INFORMATION SHOWN -
——

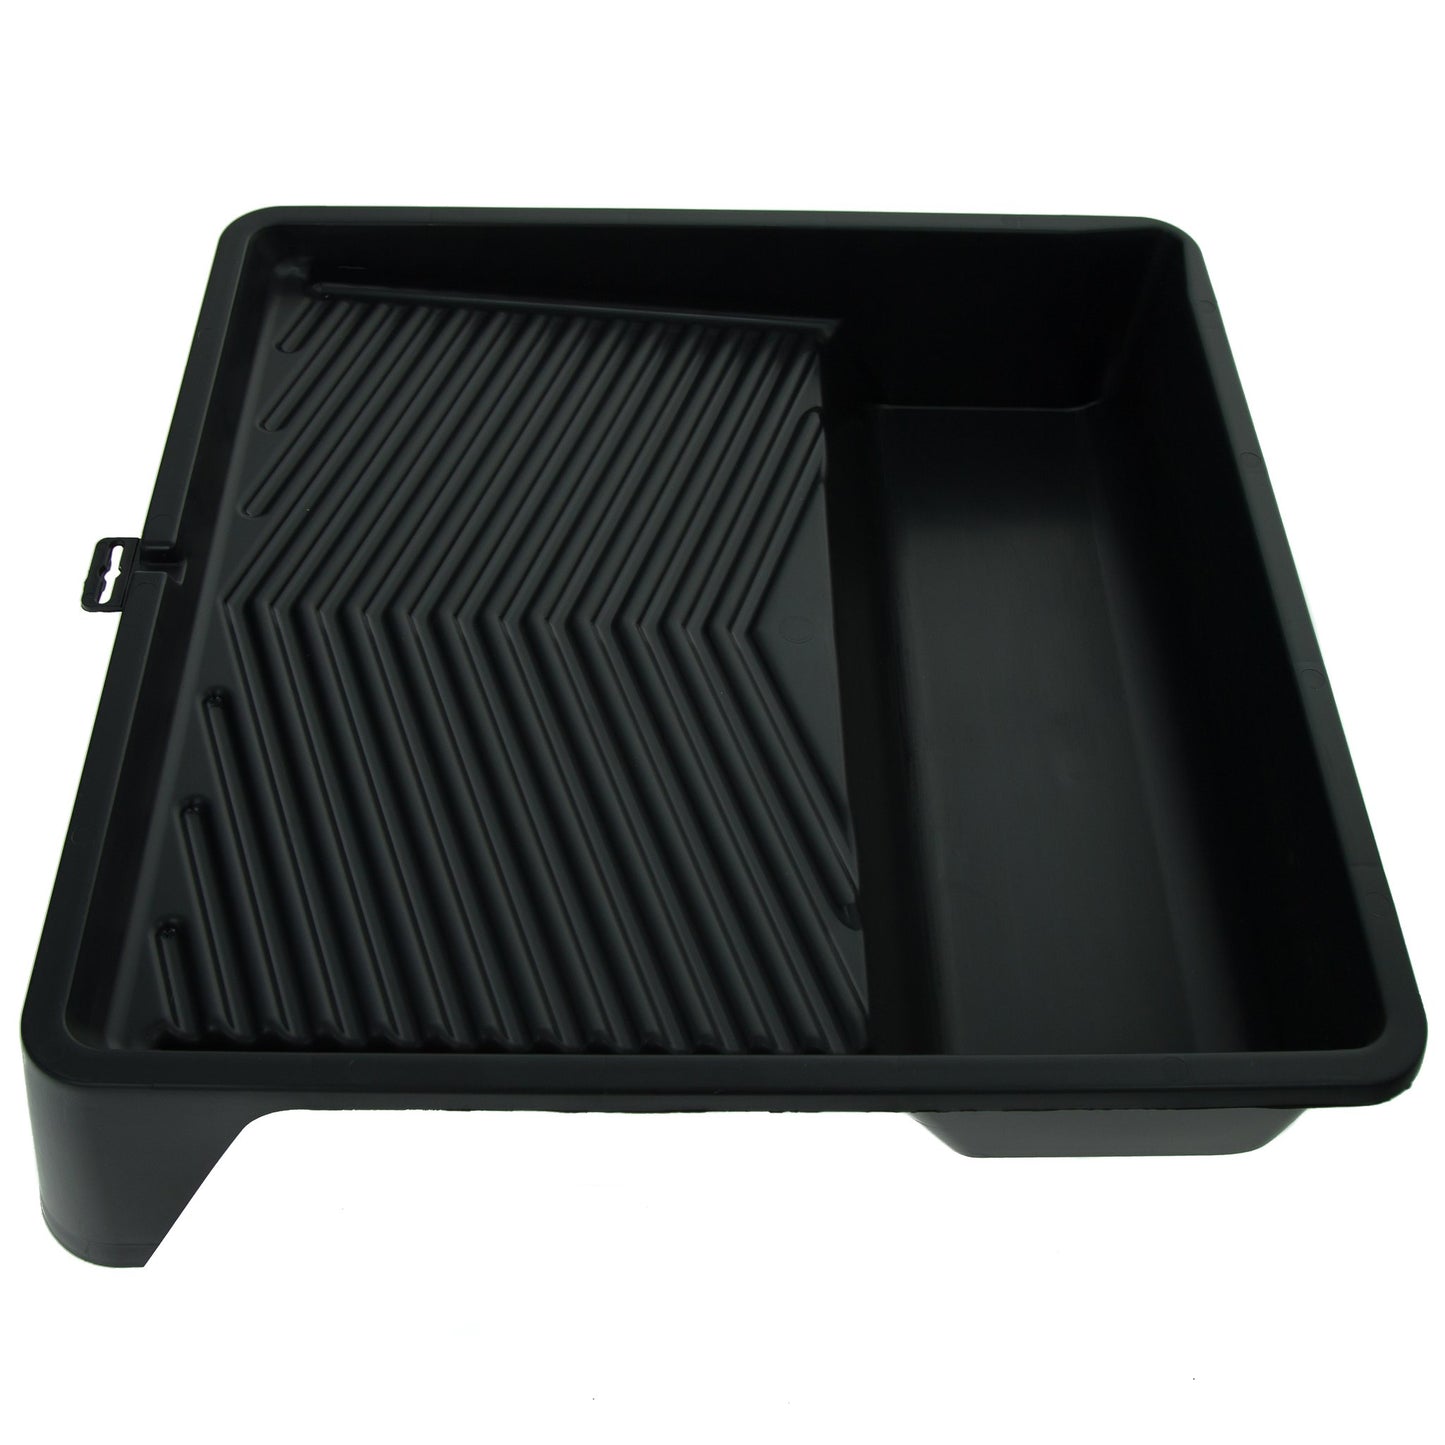 Heavy Duty Endurance Paint Roller Tray for Rollers up to 15in
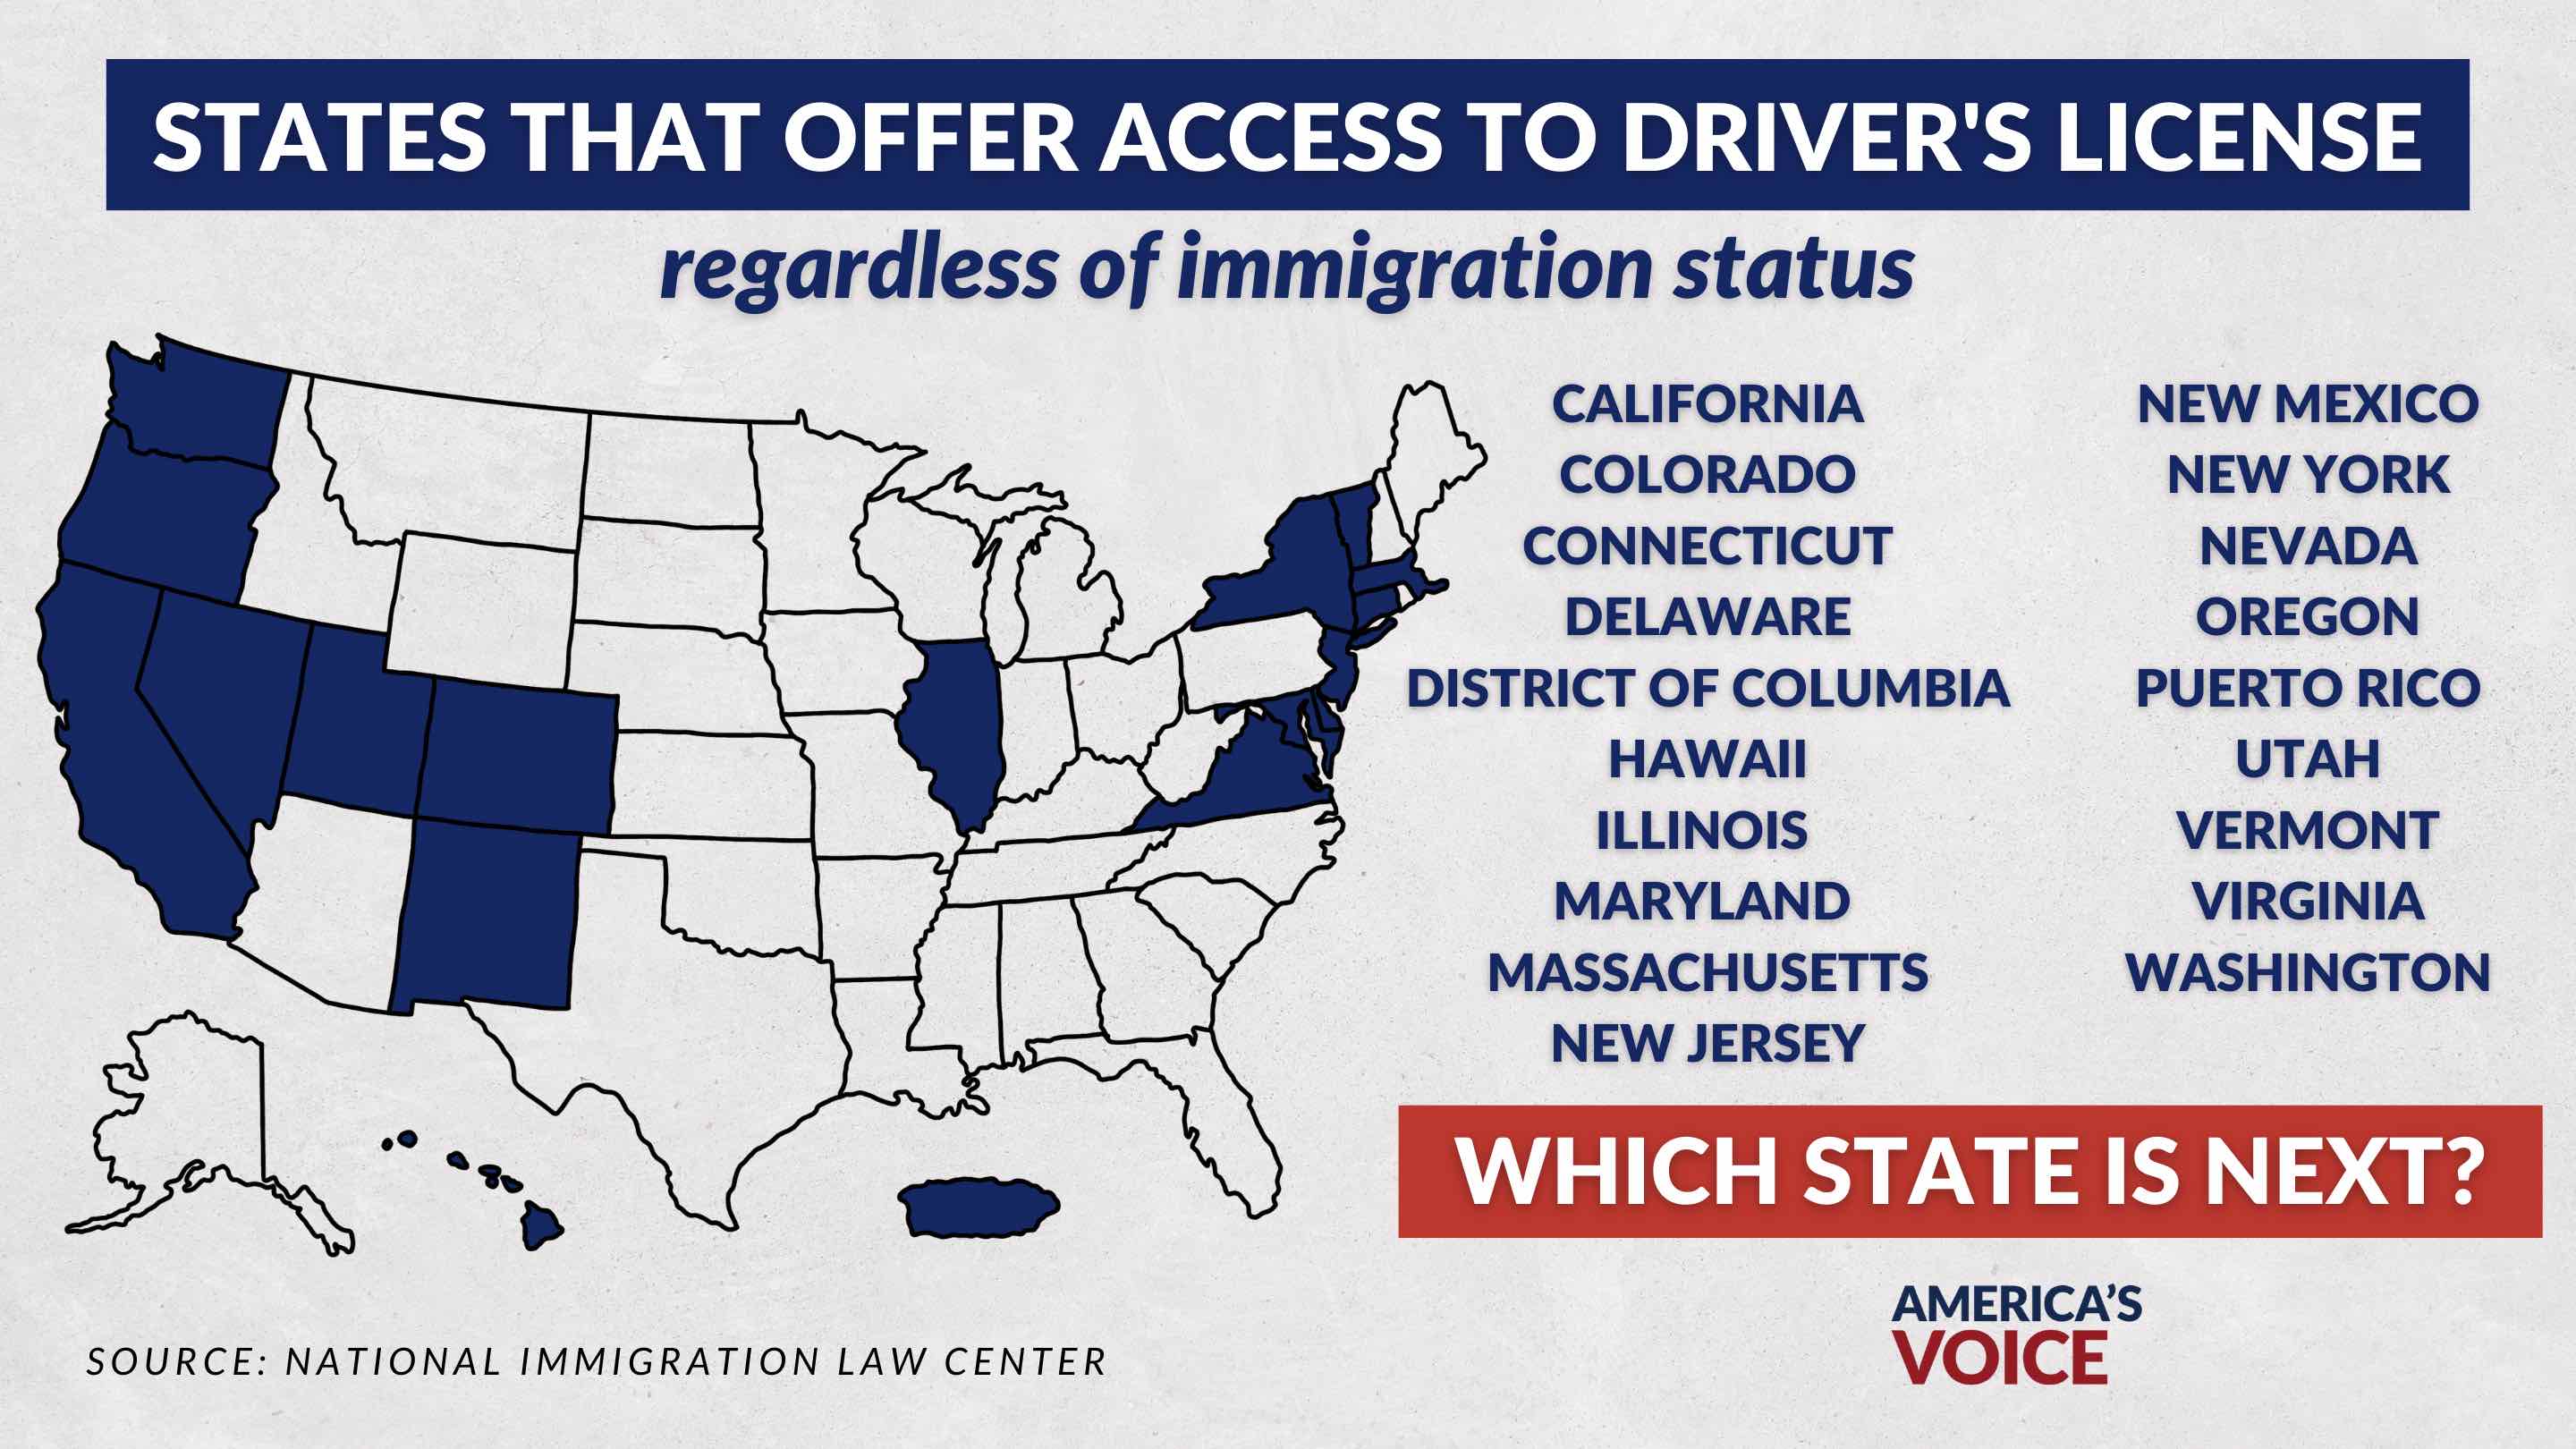 What it will cost to issue drivers licenses to undocumented immigrants in  Mass.
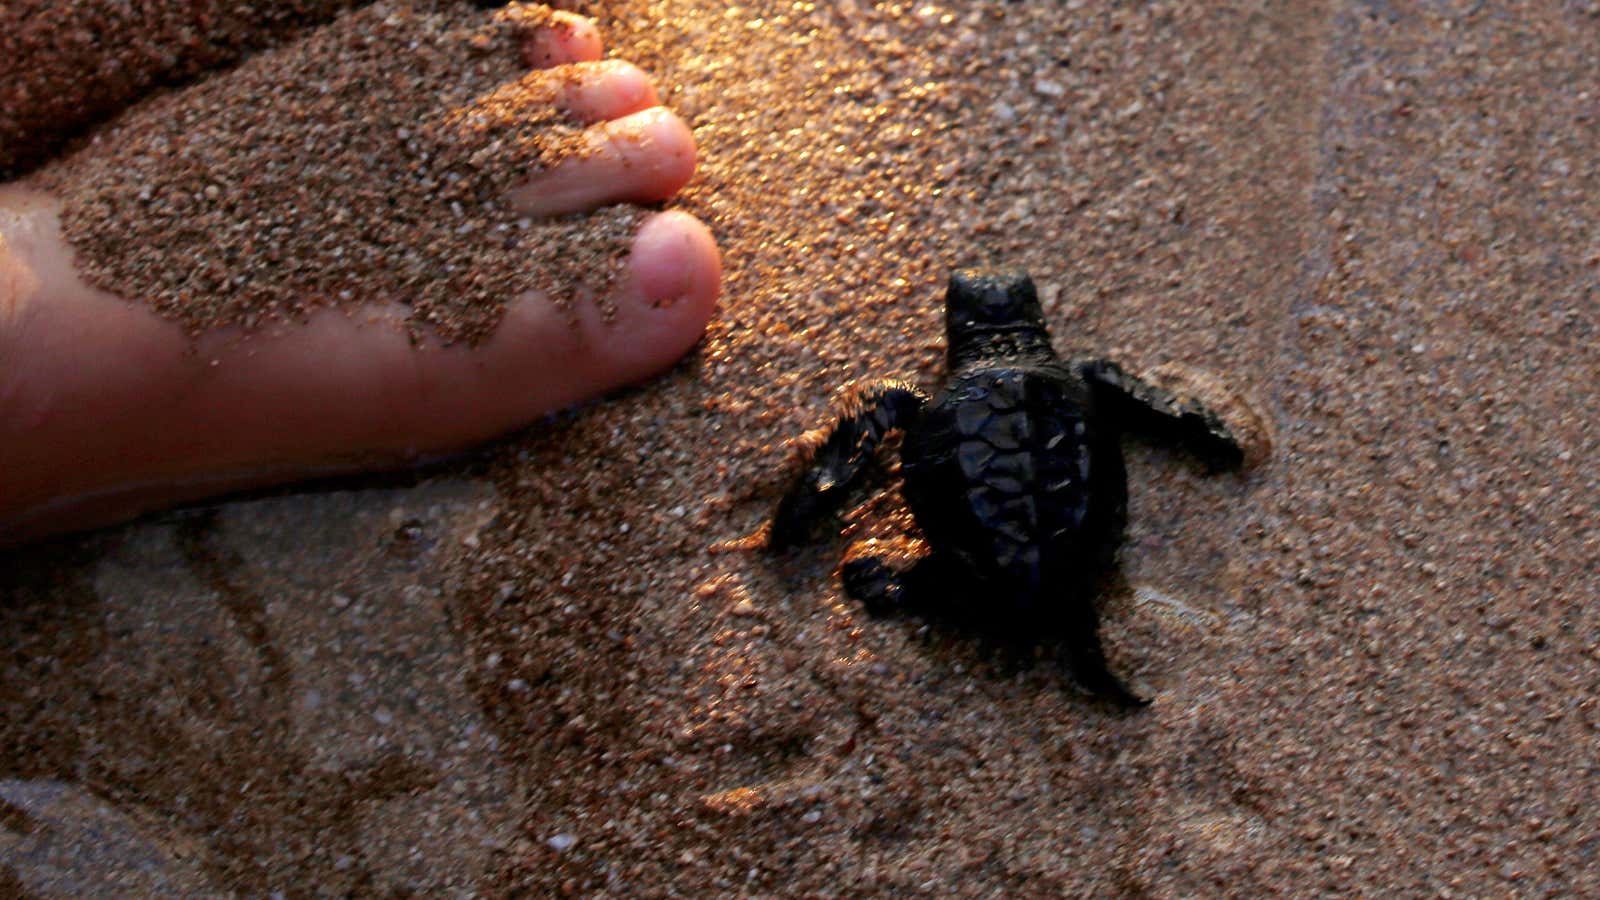 A baby sea turtle begins its long journey.

——

WHAT TO DO - Would you set down every line of the data above exactly, skipping the pictures?

OUTPUT OF THE TASK -
 Heavy Duty Endurance Paint Roller Tray for Rollers up to 15in
 What it will cost to issue drivers licenses to undocumented immigrants in  Mass.
 A baby sea turtle begins its long journey.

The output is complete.